Your goal:
Your response is a verbatim copy of the listing, stripped of its images.

Available data:
┌────────

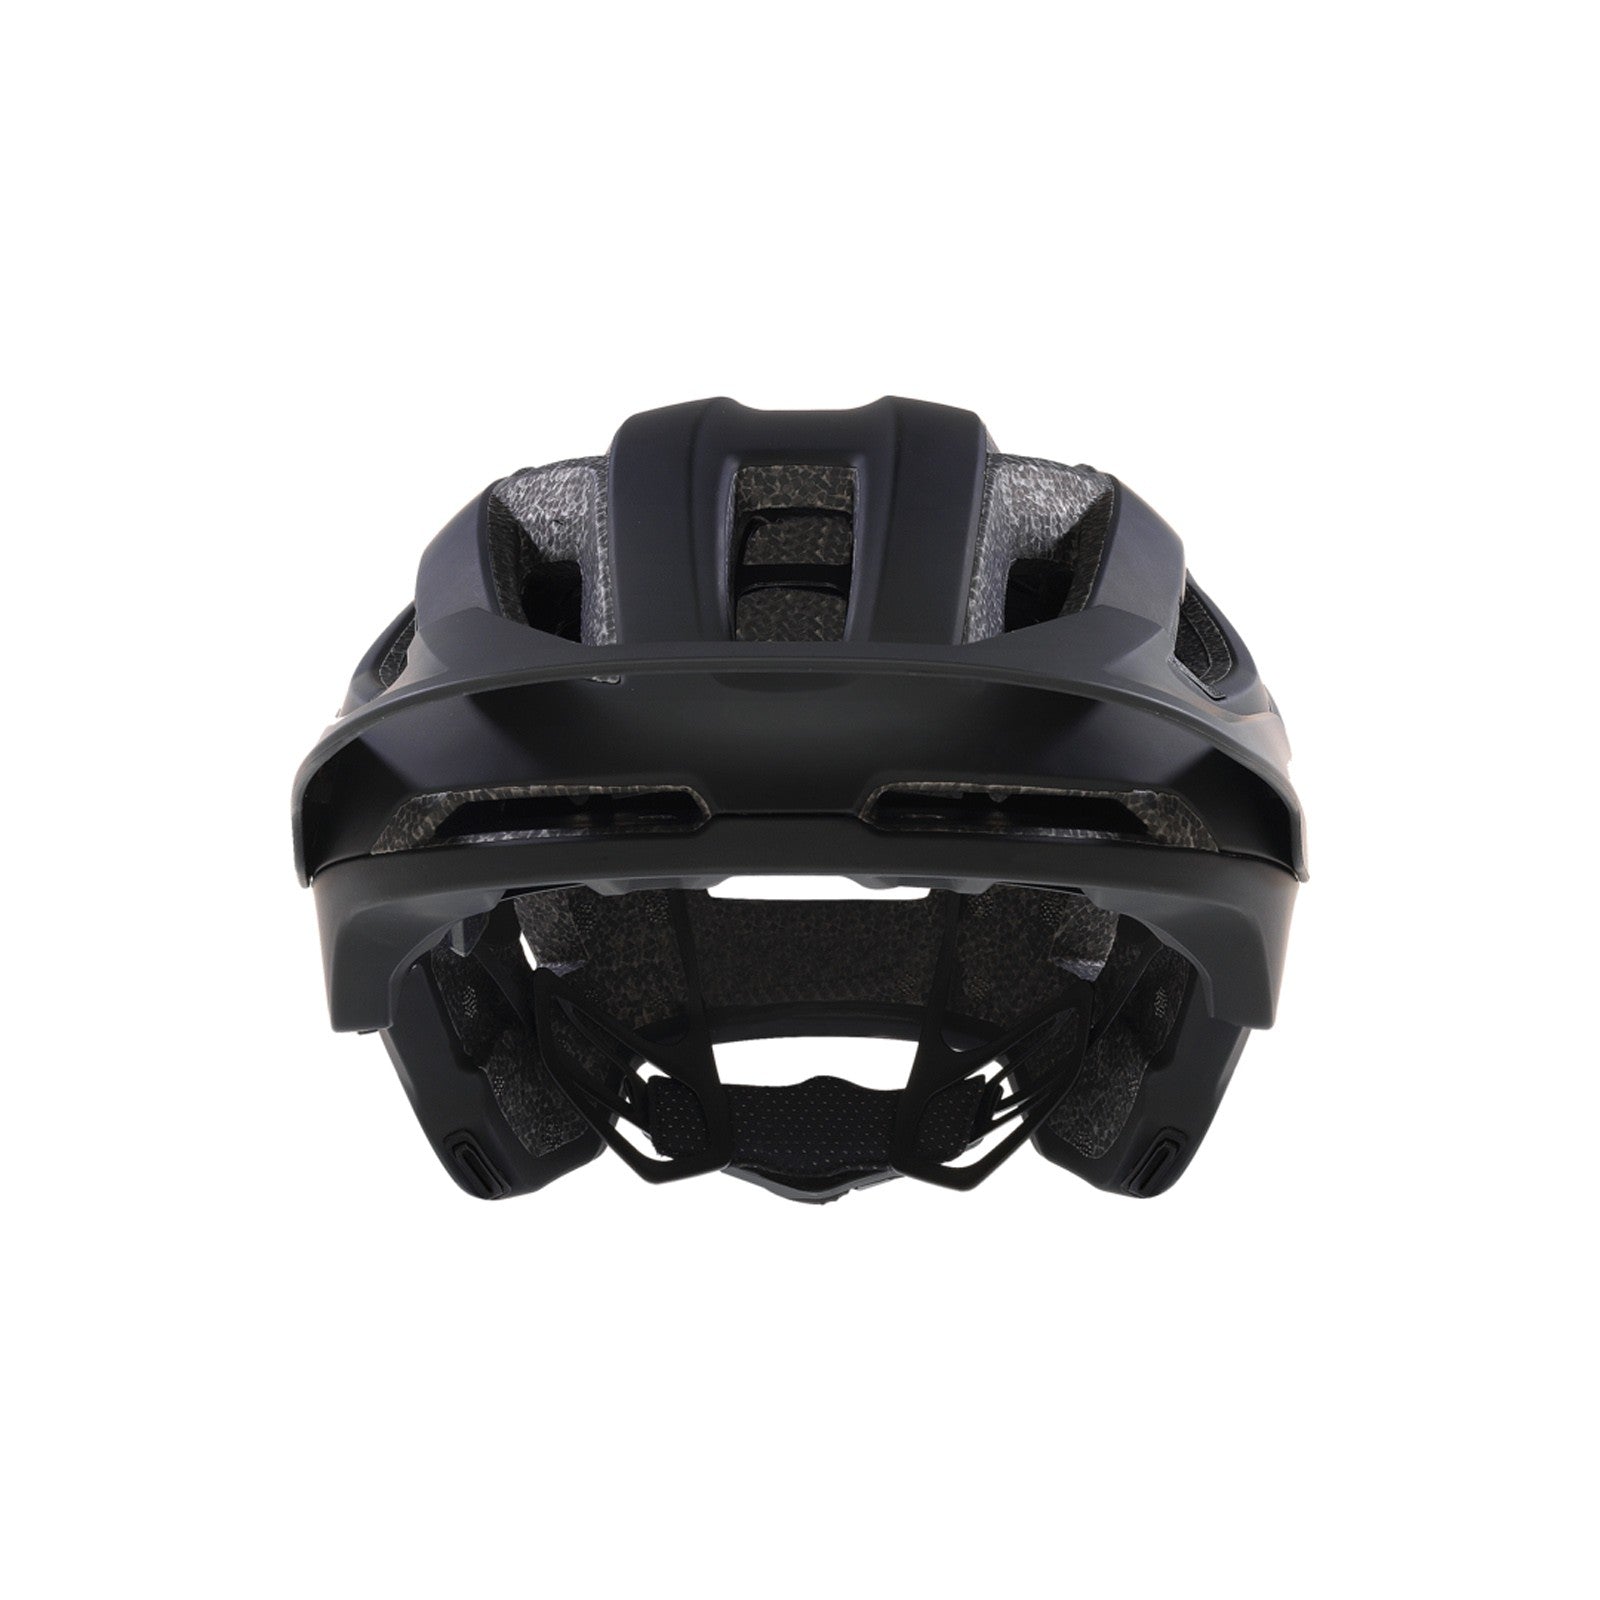 Drt3 Trail Cycling Helmet
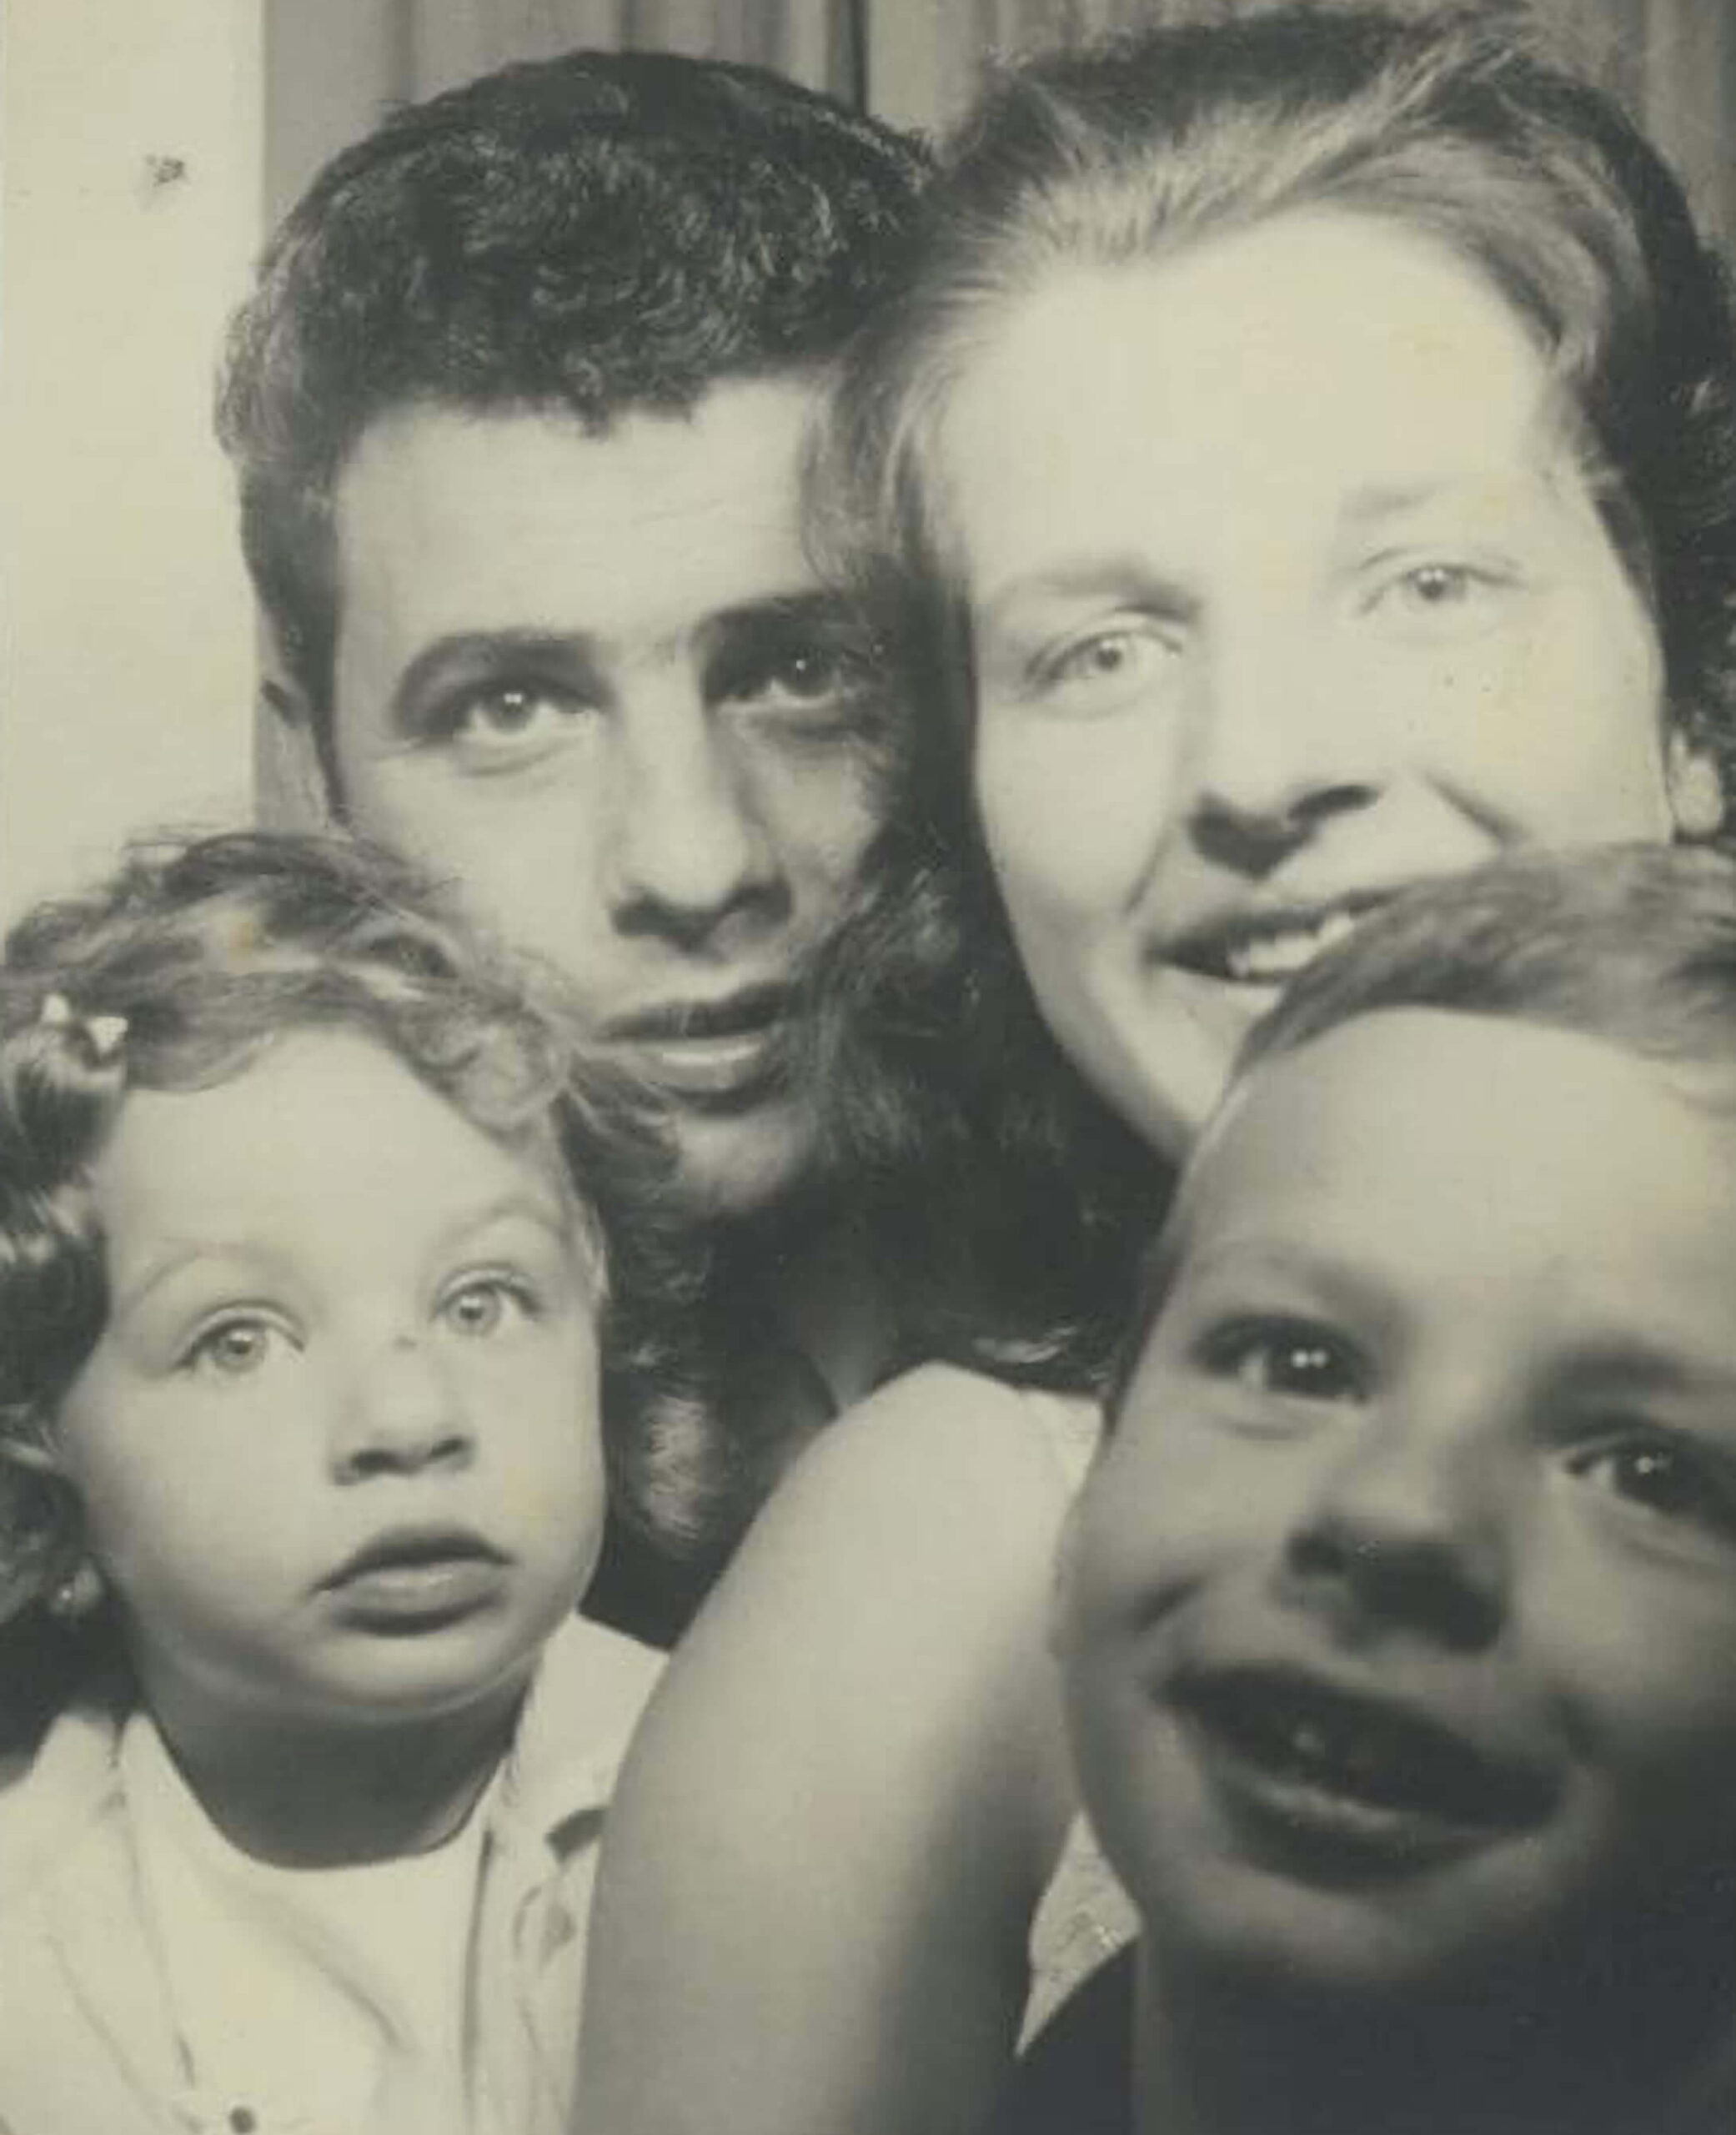 Filippo-Navarra-and-Family-Closeup-Selfie
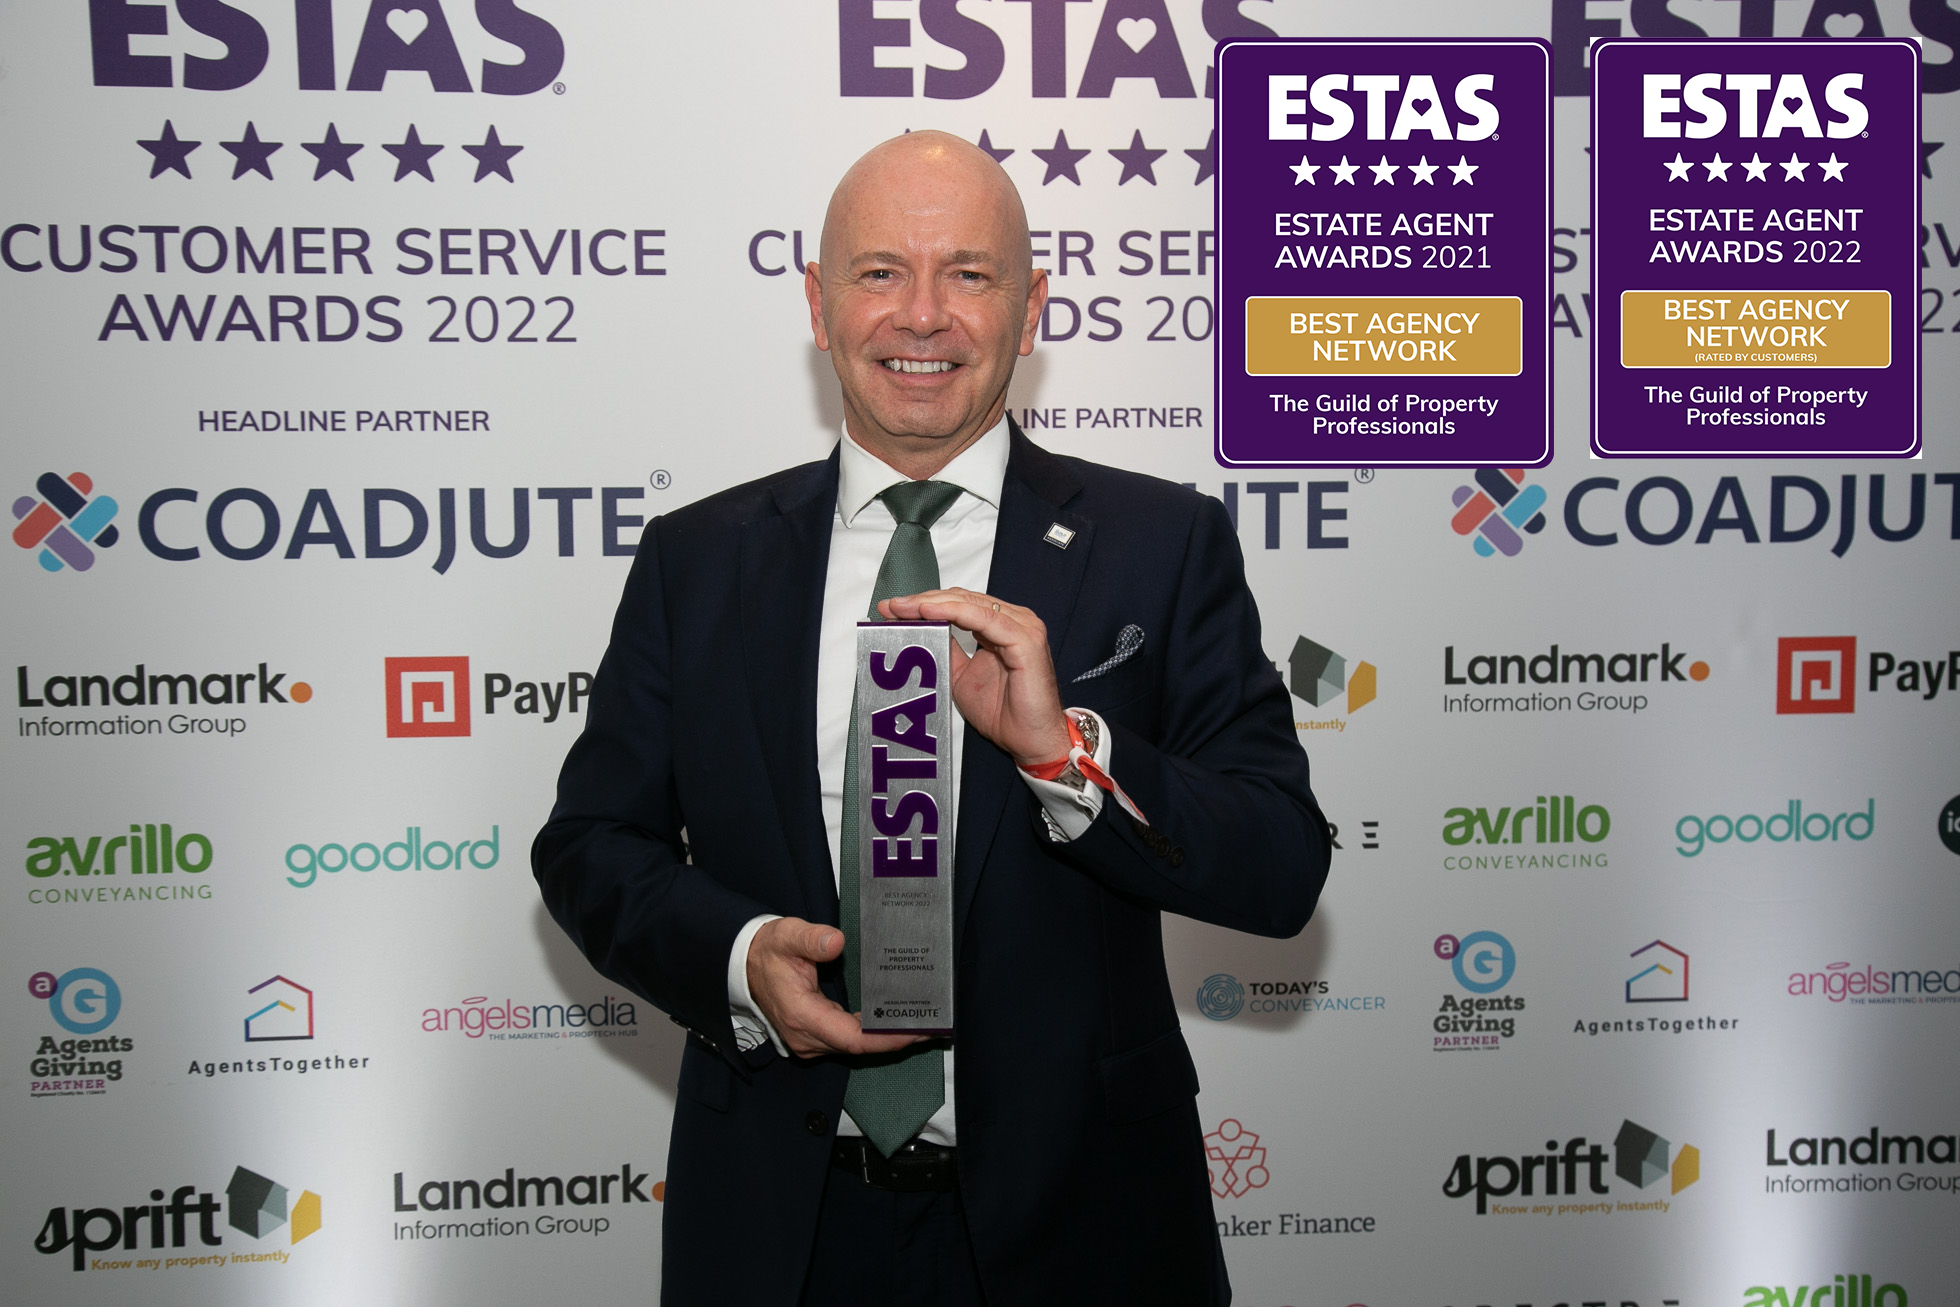 Iain McKenzie at The ESTAS Awards

└────────

Your solution:
 Drt3 Trail Cycling Helmet
 Filippo-Navarra-and-Family-Closeup-Selfie
 Iain McKenzie at The ESTAS Awards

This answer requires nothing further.